Emilio de Llera Suárez-Bárcena consejero de lo taurino.
Con los tiempos de recortes en educación que corren y el consejero Llera apoyando desde la Junta de Andalucía la promoción de la tortura de toros entre los jóvenes. Se sigue aportando dinero público a raudales para este tipo de eventos. La cantidad de tonterias, típicas de la Tauromafia, que se dicen en el comunicado no tiene desperdicio.
La Junta de Andalucía mantendrá su respaldo a las escuelas taurinas en su labor de promoción de los valores y cultura de esta fiesta, según ha asegurado el consejero de Justicia e Interior, Emilio de Llera, tras la primera reunión que ha mantenido en Sevilla con los representantes de los 23 centros de la Asociación andaluza Pedro Romero.
De Llera y el presidente de esta Asociación, Eduardo Ordóñez, han destacado el papel que juegan estas escuelas en el fomento de la cultura y tradición de la tauromaquia y han puesto de relieve la creación y consolidación de un sistema de formación y promoción de nuevos valores del toreo.
Según el consejero, la existencia de las escuelas refleja el “arraigo y vitalidad” del movimiento taurino en la sociedad andaluza y la creciente afición de las nuevas generaciones por esta tradición, que sigue siendo un foco de atracción profesional para muchos jóvenes con vocación y pasión por esta fiesta. Asimismo, De Llera ha resaltado que “estas escuelas permiten a los jóvenes que puedan formarse en este arte y comenzar a abrirse camino en la profesión del toreo independientemente de sus posibilidades económicas y su procedencia social”.
agosto 21, 2012 at 7:59 am
Me parece estupendo que desde la Junta de Andalucía se promuevan las corridas de toros porque además de ser parte de la cultura española, es una industria que mueve muchos millones de euros y da trabajo a muchisimas personas.

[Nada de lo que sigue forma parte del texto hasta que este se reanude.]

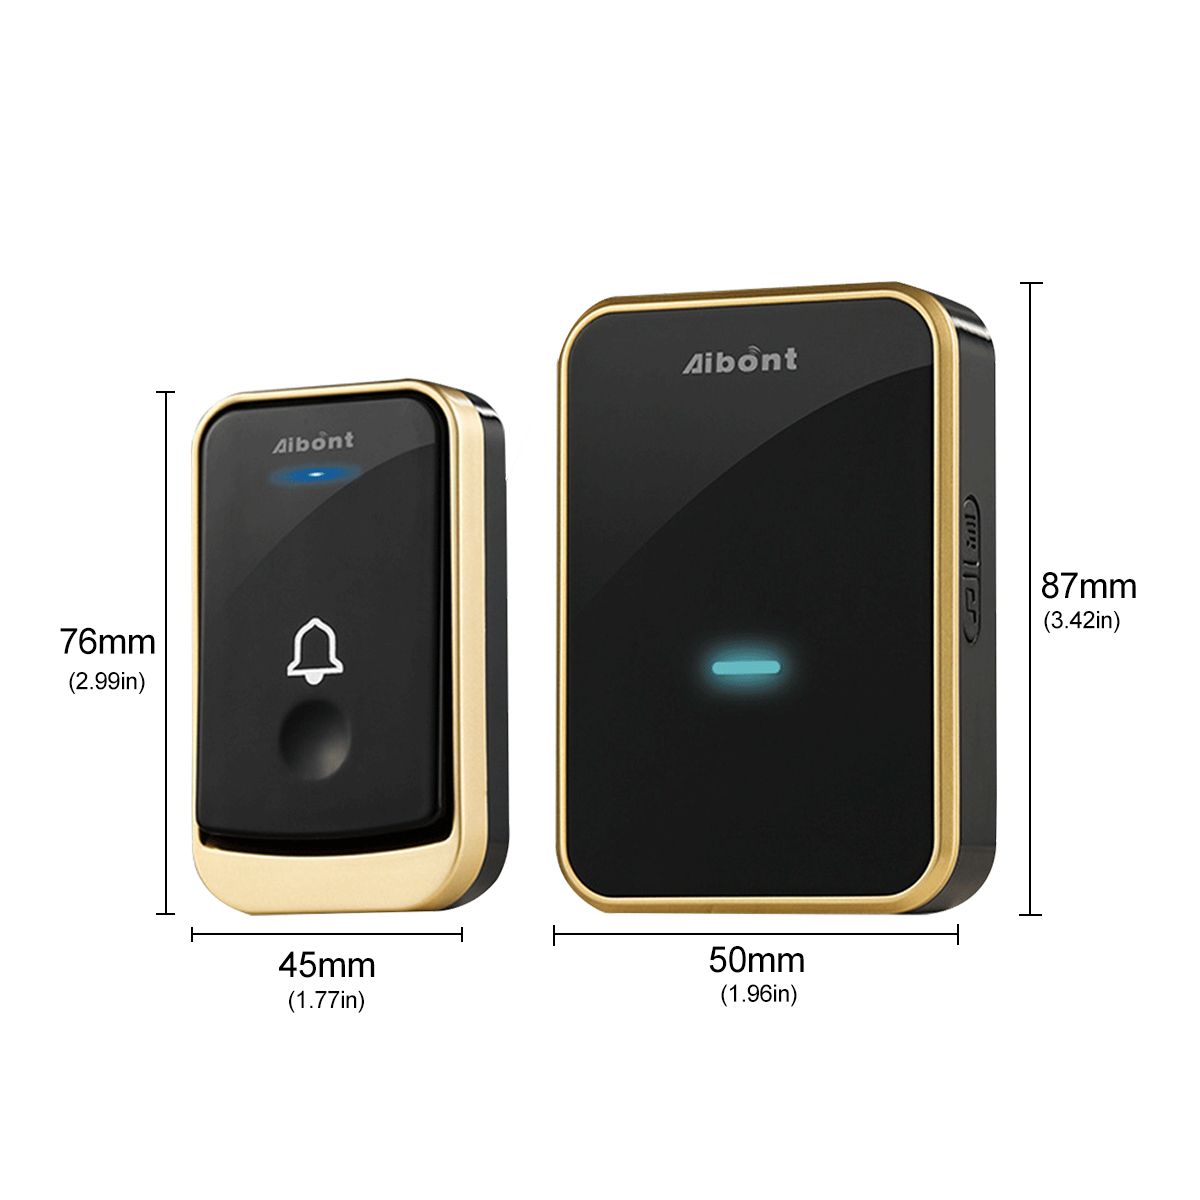 Smart-Wireless-Doorbell-45-Songs-Ringtones--200m-Transmission-Door-Bell-1729994

Respecto a la “tortura” a los toros, guste o no, la inmensa mayoría de la población mundial es carnivora y en los mataderos, a los animales no se les trata precisamente con cariño. Es decir, que a todos los animales que pasan por el matadero sufren de una u otra forma. El toro al menos muere peleando en la plaza, su muerte no dura más de 15 minutos y tiene la posibilidad de ser indultado, además de que vive toda su vida mejor que cualquier otro animal sobre la faz de la tierra en situación de semicautividad.

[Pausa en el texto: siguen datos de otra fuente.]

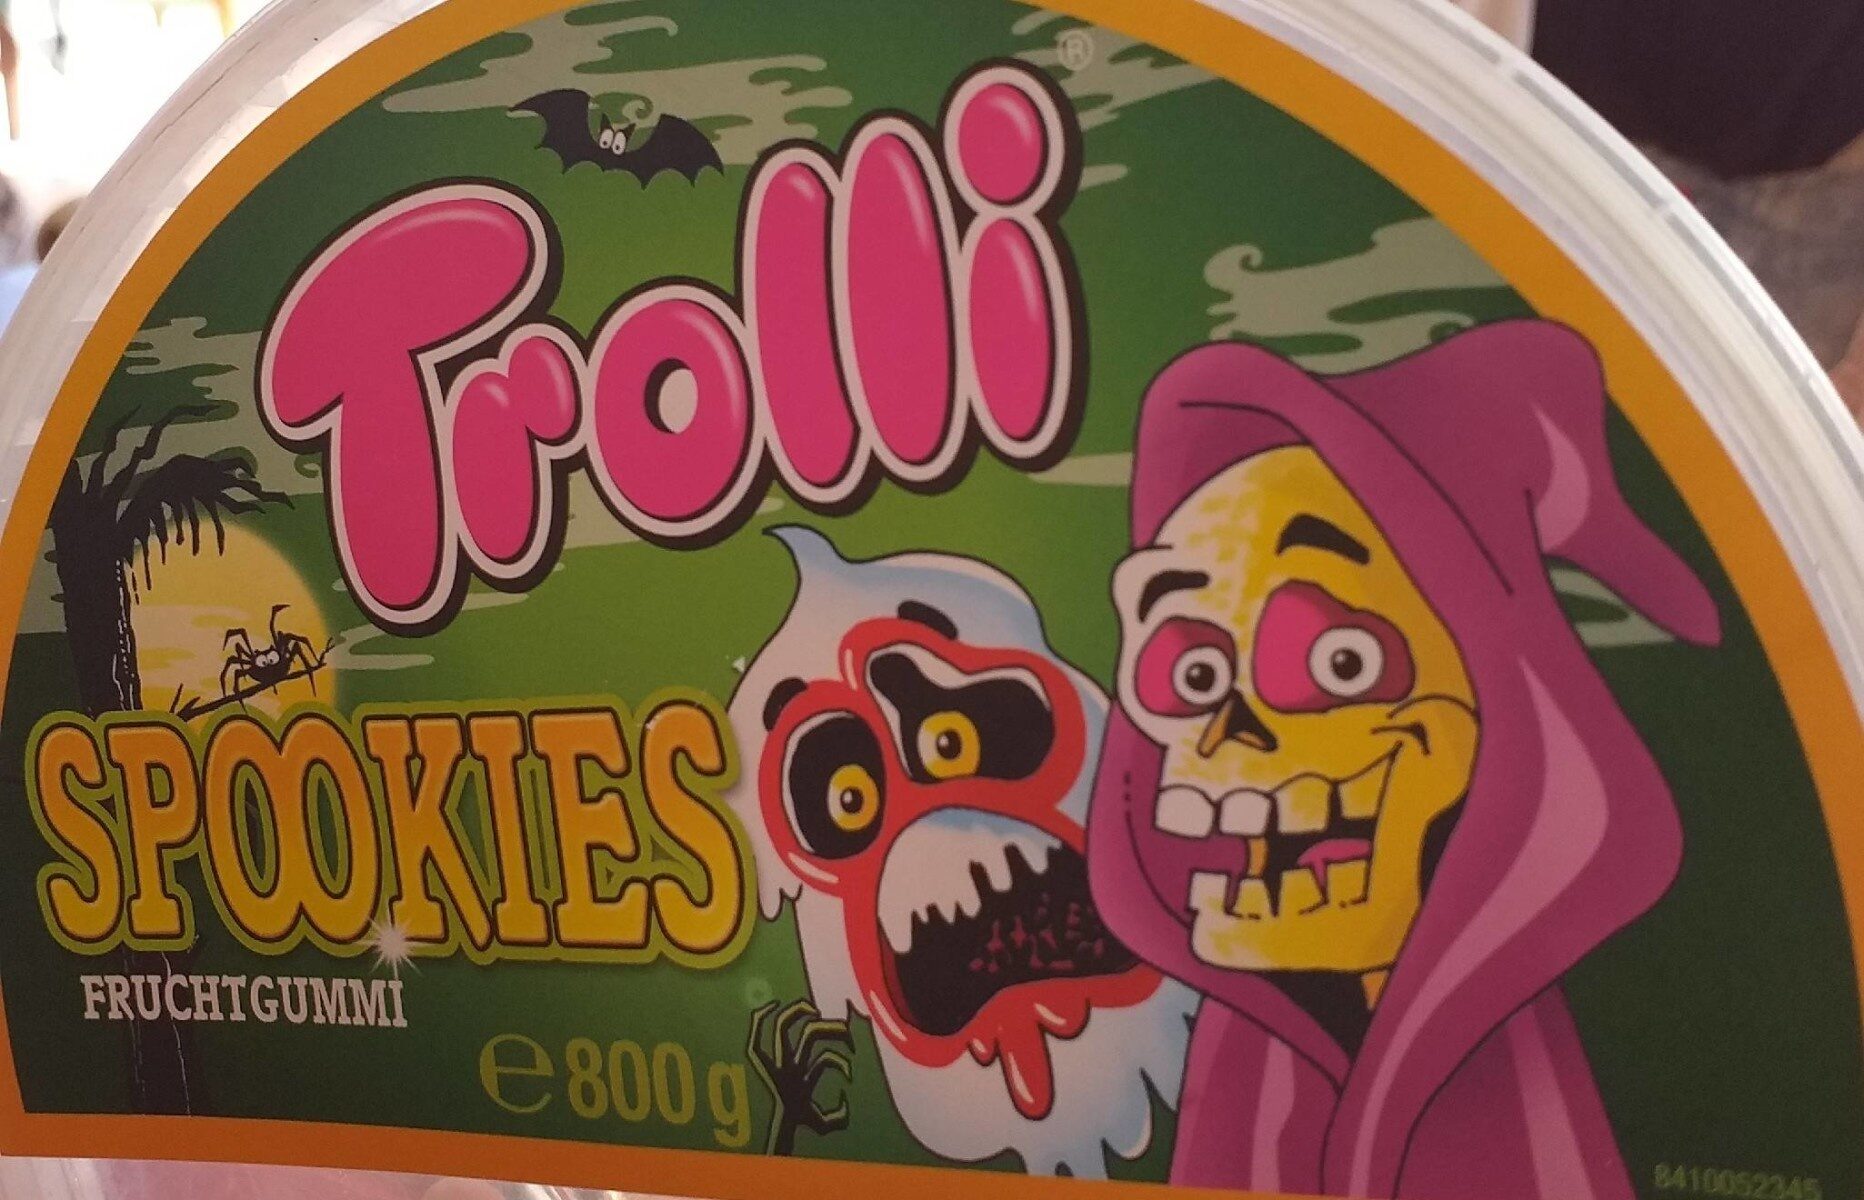 Troll Spookies - Información nutricional

Respecto en cualquier caso las opiniones sobre los toros de los taurinos y de los que no les gustan los toros. Yo, personalmente, prefiero verlos en el campo, aunque no quita que quiera que la fiesta de los toros continúe por los anteriores motivos.
agosto 21, 2012 at 9:49 am
Con respecto a lo de los toros “Es injusto e inmoral utilizar la tortura, el dolor y sufrimiento al que se someten inocentes animales, para dar vida a este “mundillo” tan egocéntrico.”
Alejandro, permíteme tutearte, cada vez estoy más convencido de que nuestra especie es puro oxímoron donde predomina lo irracional frente a lo racional. Cualquier actitud racional, cuando se da, es producto del azar y las necesidades impuestas por la evolución.
agosto 23, 2012 at 1:58 am
Los que justifican un espectáculo donde se tortura un animal, porque nuestra dieta es omnívora probablemente son demagogos y no tienen compasión (total solo 15 minutos de terror con acorralamiento, voceríos, puyas, banderillas, estocadas que atraviesan los pulmones, mas el transporte, el encierro en ayunas y oscuridad…y lo que no se ve…).
Los derechos los creamos los humanos. Muchas legislaciones avanzadas del mundo propugnan desde hace años que los animales con un sistema nervioso desarrollado con capcidad de sentir dolor y miedo tienen derecho a no ser torturados por los de nuestra especie. Este tipo de legislación también está vigente en nuestra sociedad. Aquí se exceptúa el toro por ser una tradición arraigada en nuestra “incultura” desde la “santa inquisición”. Y en todos los rincones de nuestra geografía la tortura del toro, un inocente herbívoro, sirve para entretener masas sin escrúpulos ni compasión: encierros, corridas, toro de la vega, de Medinaceli, correbous y un largo etc.
La esclavitud movería muchos millones de euros si las leyes lo permitieran. Los euros no justifican lo injusticiable.
agosto 28, 2012 at 11:08 am
Viva Machaquito.
septiembre 8, 2012 at 12:13 pm
Por cierto, tiene razón Kierkegaard. Ayer almorcé atún encebollado y cuando me puse a pensar en las almadrabas vomité toda la comida.
Desde aquí me gustaría lanzar una propuesta a nivel alternativo y apostando por más niveles: una plataforma para evitar las almadrabas, coordinada con otras apuestas. Aunque tengo mis dudas: ¿poseen más derechos ontológicos los mamíferos que los peces? No sé, la verdad.